BOSTON — Drew Smyly said it two weeks ago, when Bryce Harper hit two home runs to power a Phillies victory in San Francisco. And he repeated it last week, after Harper stunned the Chicago Cubs with a game-winning grand slam.

When Harper comes to the plate, Smyly says, it’s almost expected that he will deliver.

Cue the fifth inning here Wednesday night. Trailing by one run, having been held scoreless in the previous 12 innings by the Boston Red Sox, the Phillies needed a hit in the worst way. Harper, of course, delivered once again, launching a two-run homer into the third row of seats atop Fenway Park's fabled Green Monster.

Do you believe in clutch?

Smyly would say it has long hair and a beard.

Harper’s latest well-timed power stroke provided a lead that five relievers preserved in a 5-2 victory. The Phillies completed a two-game, mini-sweep of the Red Sox and won for the sixth time in eight games to at least keep pace in the National League wild-card race.

“He’s the guy on the team who’s going to help carry us,” Smyly said. “His swing was huge, obviously, to take the lead. But just the bullpen, to put up zero after zero the rest of the game, those guys were great.”

Indeed, let’s talk about that bullpen.

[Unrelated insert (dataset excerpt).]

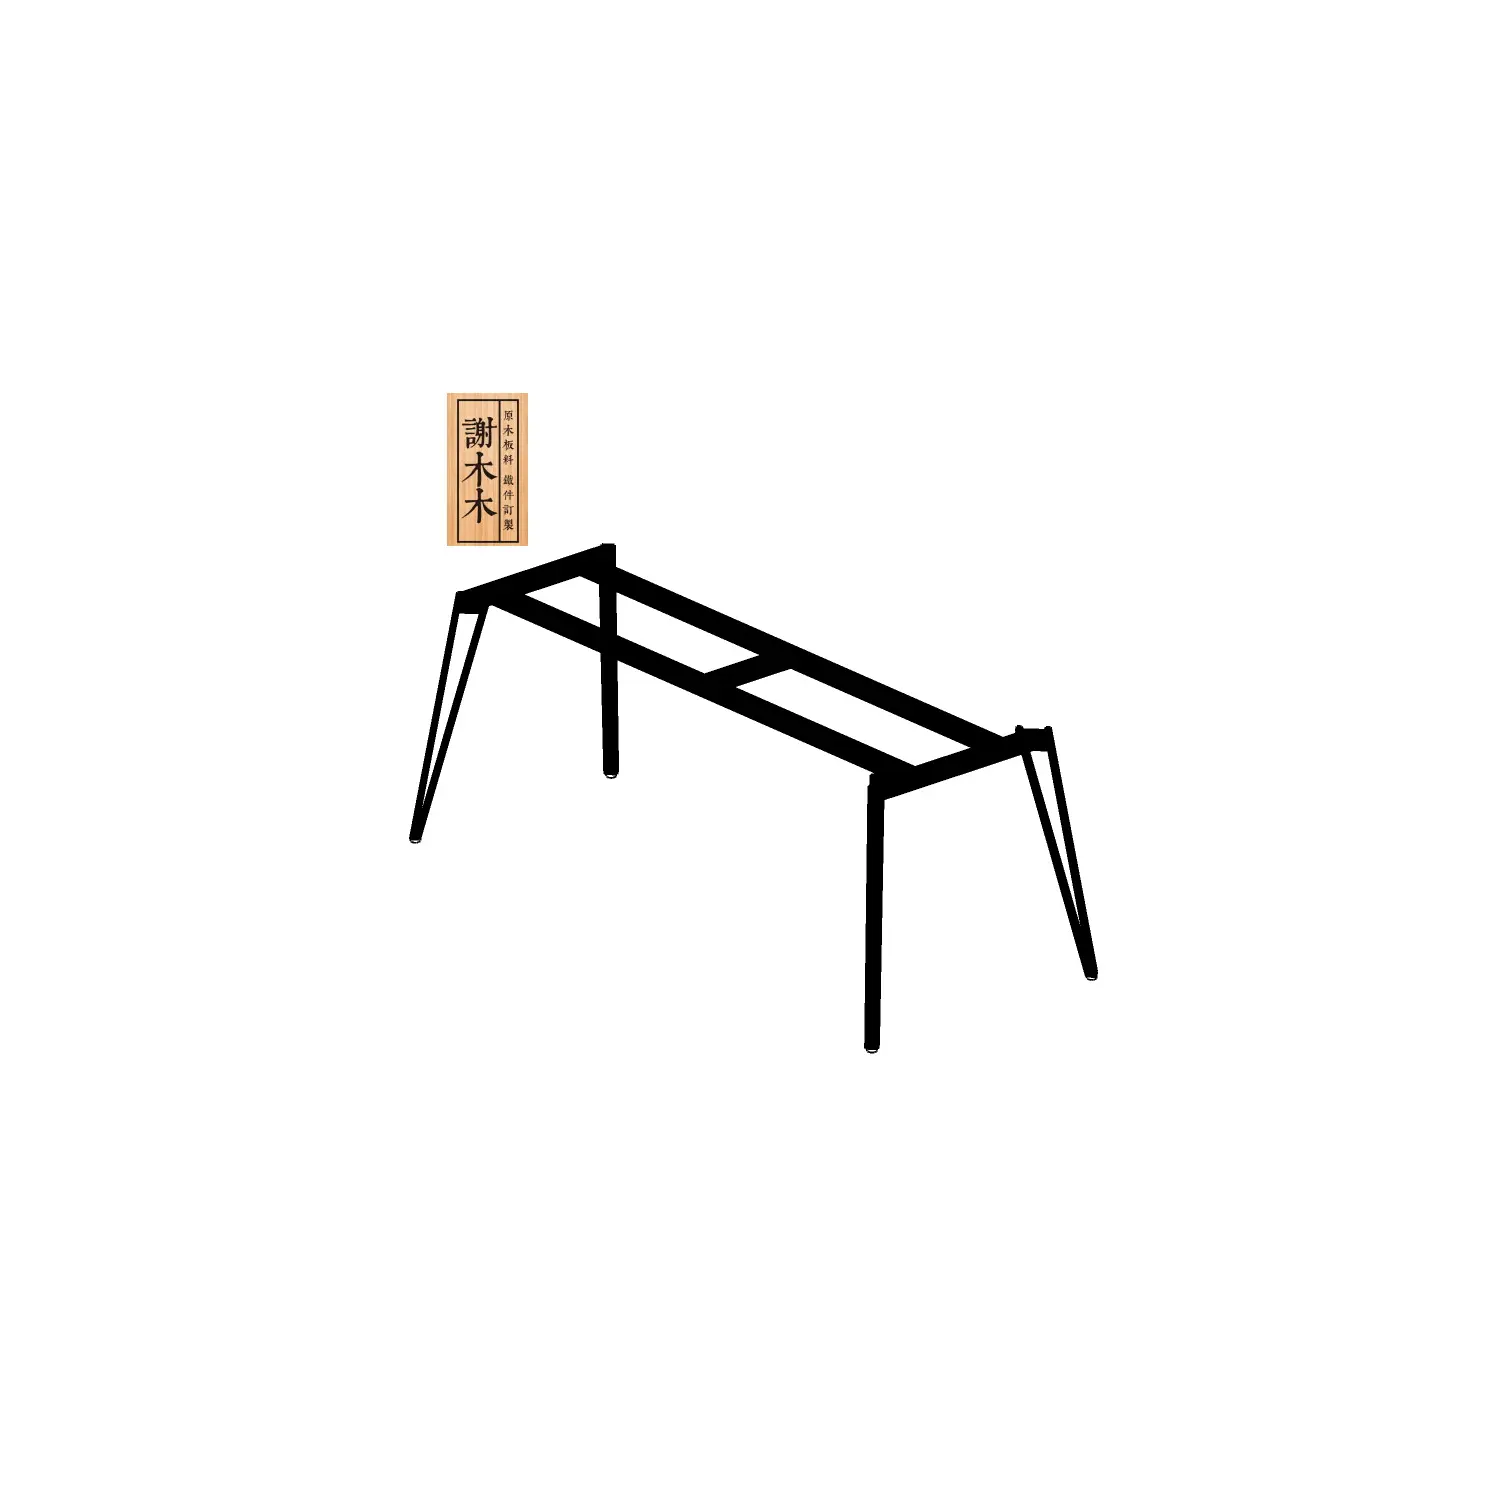 工場供給耐久性のある異なるサイズの組み立て金属テーブル脚ビジネスオフィステーブル用

Jared Hughes, rookie Ranger Suarez, Mike Morin, Jose Alvarez, and Hector Neris — only two of whom (Alvarez and Neris) were on the Phillies’ roster on June 15 — passed the baton for 5⅓ scoreless innings in relief of Smyly, holding the Red Sox to three hits and one walk. Combine that with Tuesday night and Phillies relievers shipped out of Boston without giving up a run in 7⅓ innings.

And now, as a reward, they get a day off Thursday in Miami before beginning a three-game series with the league-worst Marlins, against whom the Phillies nevertheless are only 6-7 this season.

“It’s one of the best lineups in baseball, and our pitchers did a good job for two days straight," manager Gabe Kapler said. “Our bullpen, in particular, was excellent tonight.”

Phillies starting pitcher Drew Smyly delivers against the Red Sox.
Charles Krupa / AP
Phillies starting pitcher Drew Smyly delivers against the Red Sox.

Hughes set the tone, replacing Smyly with two outs and the bases loaded in the fourth inning and getting reigning American League MVP Mookie Betts to ground out. He also got a big double play in the fifth inning to erase a leadoff walk.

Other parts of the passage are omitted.